Red meat
In gastronomy, red meat is commonly red when raw and a dark color after it is cooked, in contrast to white meat, which is pale in color before and after cooking.[1][2] In culinary terms, only flesh from mammals or fowl (not fish) is classified as red or white.[3][4] In nutritional science, red meat is defined as any meat that has more of the protein myoglobin than white meat. White meat is defined as non-dark meat from fish or chicken (excluding the leg or thigh).
Definition
Name | Myoglobin | USDA category |
---|---|---|
Chicken breast | 0.005%[5] | White meat[6] |
Chicken thigh | 0.18 – 0.20%[5] | Dark meat |
Turkey thigh | 0.25 – 0.30%[5] | Dark meat |
Pork | 0.10 – 0.30%[5] | Red meat[6] |
Veal | 0.10 – 0.30%[5] | Red meat[6] |
Beef | 0.40 – 1.00%[5] | Red meat[6] |
Old beef | 1.50 – 2.00%[5] | Red meat[6] |
Under the culinary definition, the meat from adult or "gamey" mammals (for example, beef, horse meat, mutton, venison, boar, hare) is red meat, while that from young mammals (rabbit, veal, lamb) is white. Poultry is white. Most cuts of pork are red, others are white.[7] Game is sometimes put in a separate category altogether. (French: viandes noires — "dark meats".)[4] Some meats (lamb, pork) are classified differently by different writers.

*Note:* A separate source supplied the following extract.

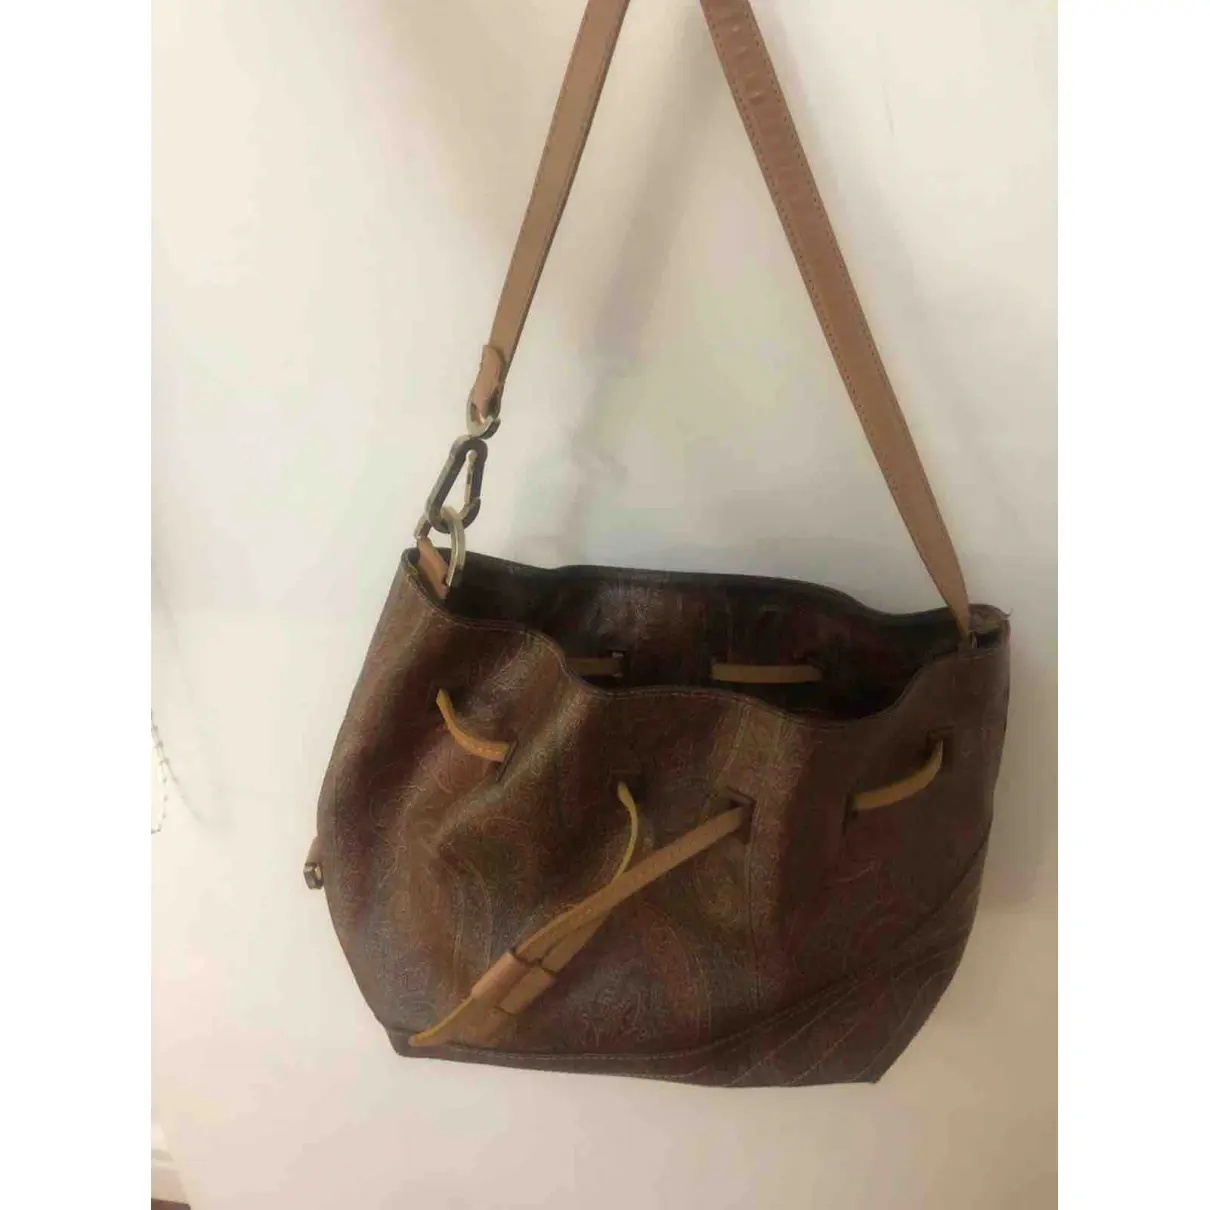 Buy Etro Leather handbag online

According to the United States Department of Agriculture (USDA), all meats obtained from mammals (regardless of cut or age) are red meats because they contain more myoglobin than fish or white meat (but not necessarily dark meat)[5] from chicken.[6] Some cuts of pork are considered white under the culinary definition, but all pork is considered red meat in nutritional studies. The National Pork Board has positioned it as "the other white meat", profiting from the ambiguity to suggest that pork has the nutritional properties of white meat, which is considered more healthful.[8][9]
Nutrition
Red meat contains large amounts of iron, creatine, minerals such as zinc and phosphorus, and B-vitamins: (niacin, vitamin B12, thiamin and riboflavin).[10] Red meat is a source of lipoic acid.
Red meat contains small amounts of vitamin D.[11] Offal such as liver contains much higher quantities than other parts of the animal.[12]
In 2011, the USDA launched MyPlate, which did not distinguish between kinds of meat, but did recommend eating at least 8 oz (230 g) of fish each week.[13][14] In 2011, the Harvard School of Public Health launched the Healthy Eating Plate in part because of the perceived inadequacies of the USDA's recommendations.[13] The Healthy Eating Plate encourages consumers to avoid processed meat and limit red meat consumption to twice a week because of links to heart disease, diabetes, and colon cancer. To replace these meats it recommends consuming fish, poultry, beans, or nuts.[13]
Health effects
Overall, diets high in red and processed meats are associated with an increased risk of diabetes, cardiovascular disease, cancer (particularly colorectal cancer), and all-cause mortality.[15][16][17][18] These associations are strongest for processed meat, which is meat that has undergone salting, curing, fermentation, smoking, or other processes to enhance flavor or improve preservation, such as bacon, ham, salami, pepperoni, hot dogs, and some sausages.[19]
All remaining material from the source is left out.